The skirt comes from the hands of the immensely talented designer who runs her label Thats Thefft, an outfit from which you saw here on my blog. The necklace is crafted by the hands of designer Ankita Tiwari whose label Aé-Teē has been spotted on every Queen Bee of Tinsel Town. If there is a jewellery label that just gets me, it is definitely this.
Clarks India's latest campaign, Shoe Diaries with Rina Dhaka is what really got me to style these uber cool shoes. As one of the bloggers collaborating with Clarks on this really cool campaign, this is my ShoeDiary. You can head to ShoeDiaries and find out everything about this and enter their contests to win exciting prizes. 

Skirt: C/O Thats Thefft
Shoes: C/O Clarks India
Cardigan: Zara
Necklace: C/O Aé-Teē

Photography Courtesy: Riddhima Arora Behance or reach her on email at

Till the next post,

Thursday, October 30, 2014

Players gonna plaid

The tartan patterned plaid shirt is like hot chocolate on a nippy day. Comforting, yet never goes out of style. Plaid isn't just confined to the kilts of the hot Scottish men or the sexy school girl outfit *cough* and here at FTLOFAOT, I give you my own version of the plaid look. In this weather where I was seemingly undecided about whether it was chilly enough for a jacket or warm enough to just float about in my maxis, I decided to do a little cool layering with my dependable custom made black maxi dress and the plaid shirt. Its certainly hipster since the floaty maxy and the shirt both exude a very devil-may-care vibe, but hey, turns out the devil does care and teams up a leopard print clutch against the plaid shirt. Hair, Brooklyn-ish gold hoops and black multi-strapped flat sandals could easily be classified as norm core but thats the thing, I always do norm core in parts and elements.
This was my outfit for Day 4 of the Wills Lifestyle India Fashion Week and the photographs are courtesy the lovely couple behind The Fashion Flite.

Plaid shirt: Zara
Black maxi dress: Custom stitched
Black strappy sandals: Forever 21
Portfolio clutch: ASOS
Gold Loops: Forever 21

Till the next post,

Monday, October 20, 2014

Back to the roots

Now is a good time as any to go back to the roots. With design mavens like Sanjay Garg for Raw Mango, Vaishali S, Wendell Rodricks teaching us a thing or two about going back to the Indian textiles, the design scene in India looks richer than ever before. The saree in khadi, matka silk, chanderi and other hand spun textiles is suddenly the new cool option. Not to say that it ever was not. India's design history has always been rich and our resources are never ending. The man power is talented and it is phenomenal what a little tapping into it can do. But these designers with interesting cuts and drapes are making these options seem so much more appealing to everyone. I for one am sold.
To the outfit now. With an attempt to do a half drape saree, this look is the more earthy and unkempt one amongst the two that we shot for my friend's college project. The half saree look can be achieved this Diwali even without the complications of the whole nine yards. Take a cue from the photos and you definitely run the chance of upping the style quotient at that coveted Diwali party. ;)

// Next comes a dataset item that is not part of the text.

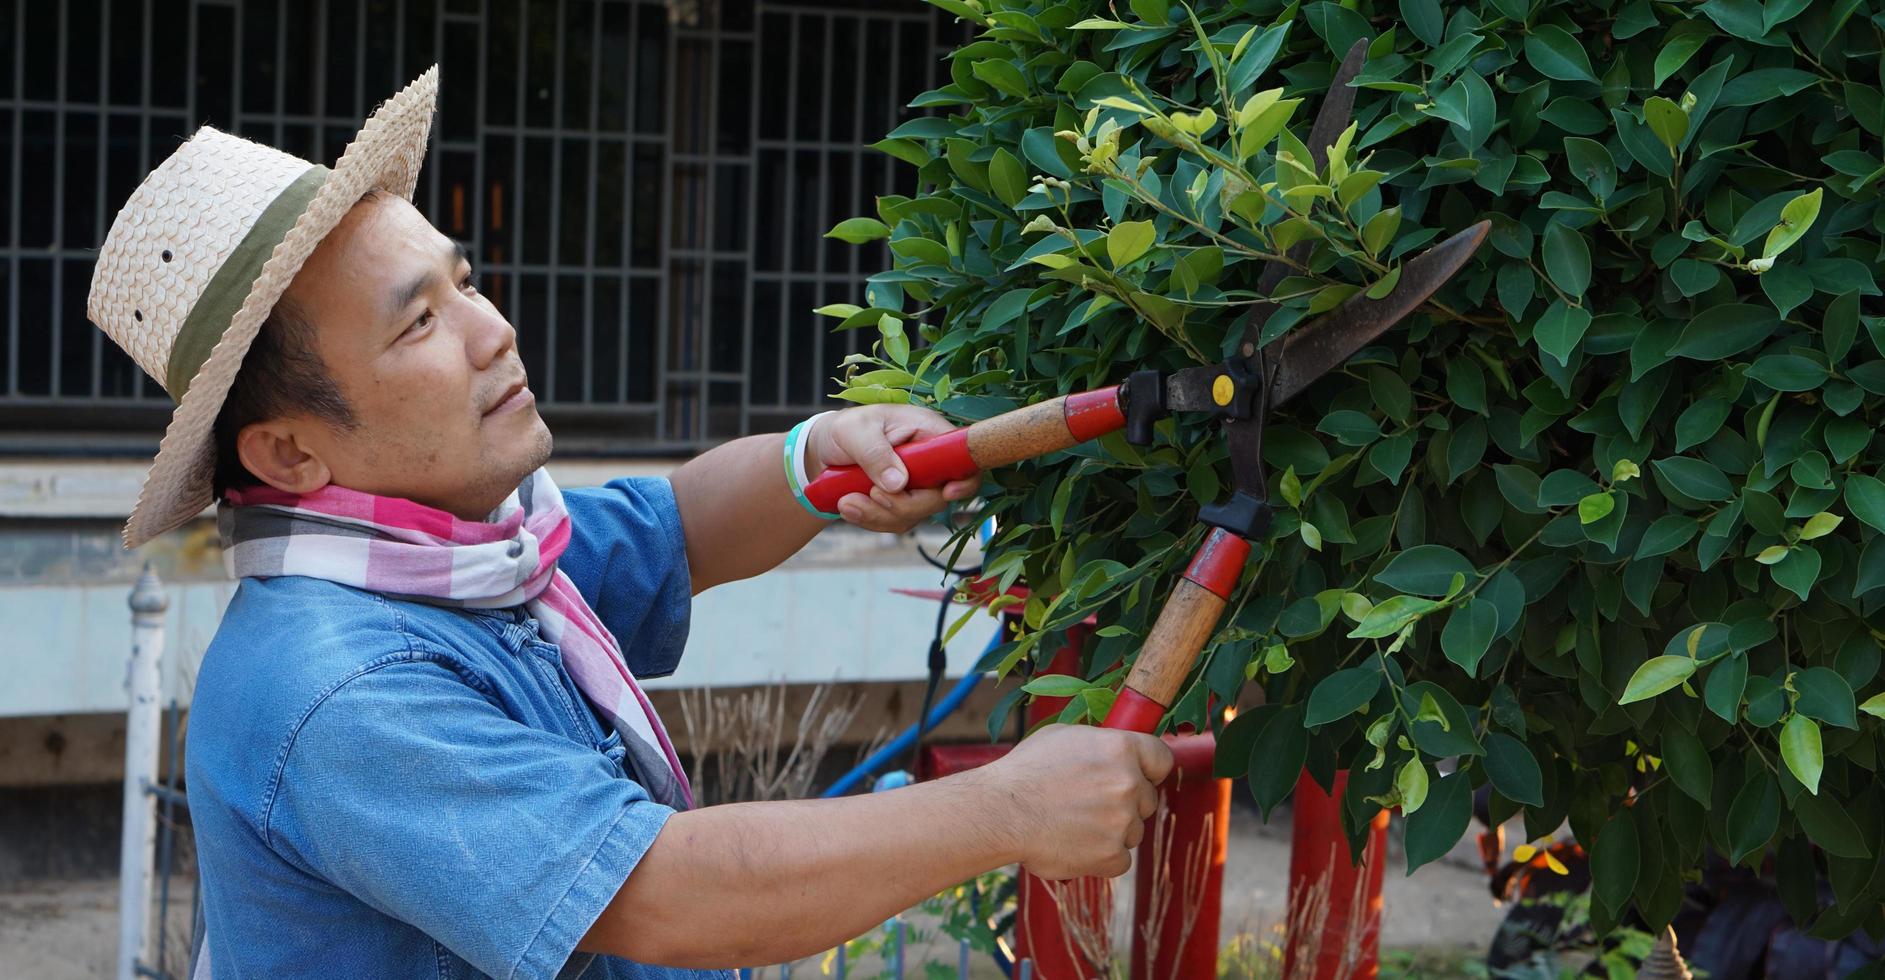 Asian middle aged man is using pruning shears to cut and look after the bush and ficus tree in his home area, Soft and selective focus, free times activity concept. photo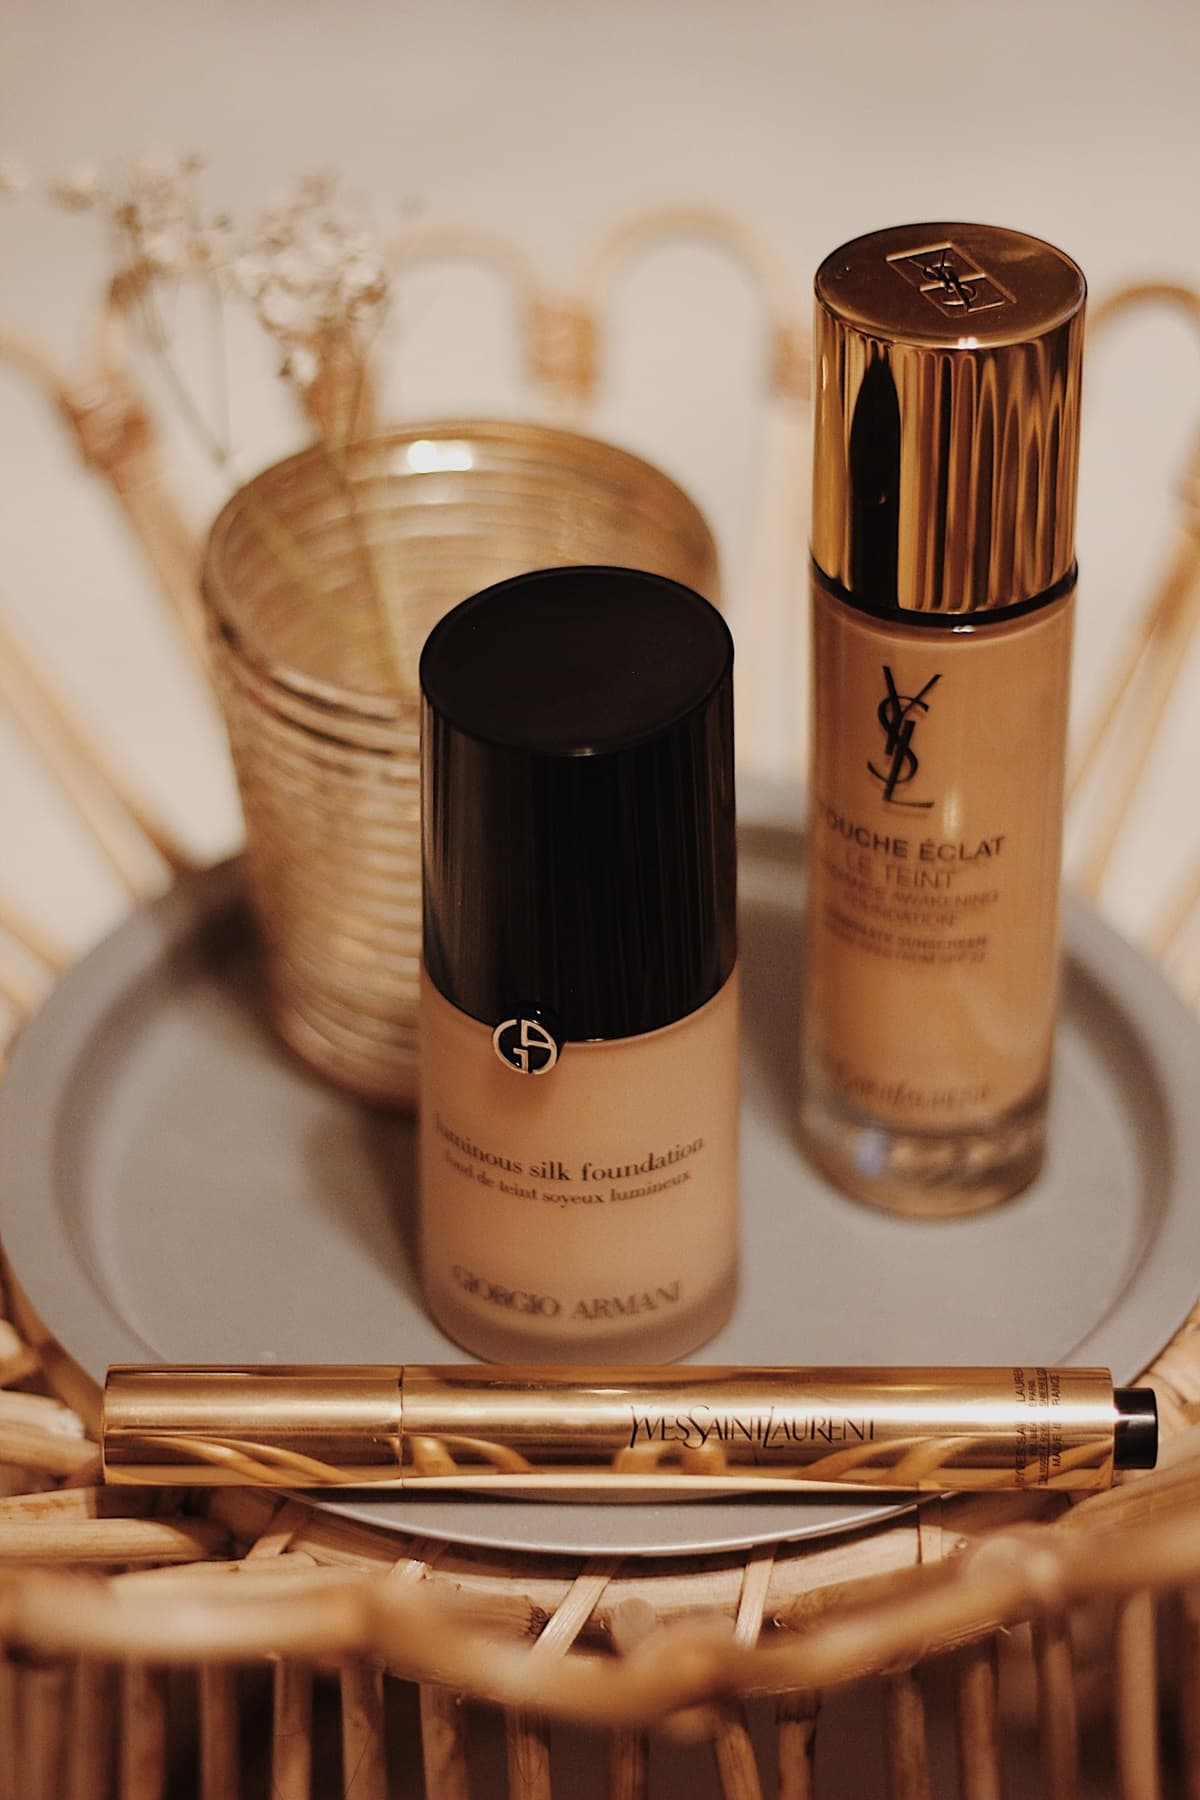 YSL Beauty Products

Half draped saree: Dastkar Mela, Delhi
Jewellery: Paharganj, Delhi
Earrings: Forever 21

Photography Courtesy: Riddhima Arora Behance or reach her on email at

Wednesday, October 15, 2014

Soul of a wanderer

I have contemplated the theory that I have the soul of a hippie. On days I just want to pack up and leave, irrespective of the day, time and state of affairs in the Republic of Kalra. But apart from the whimsical thoughts too and more on point of what I choose to put on my back, I have enjoyed sporting a look or two where I don at least one element of a very bohemian look, even if not more. This look, however, is entirely another story. A shoot I modelled for, for my photographer's fashion school project, I shared one of the images from my shoot here and the response propelled me into sharing the entire look with you. Its whimsical, yet practical. Hippie, yet mature. It is an alter ego which I best describe as 'a wanderer' that surfaces occasionally and mostly when I decide I cannot flow with the mainstream anymore.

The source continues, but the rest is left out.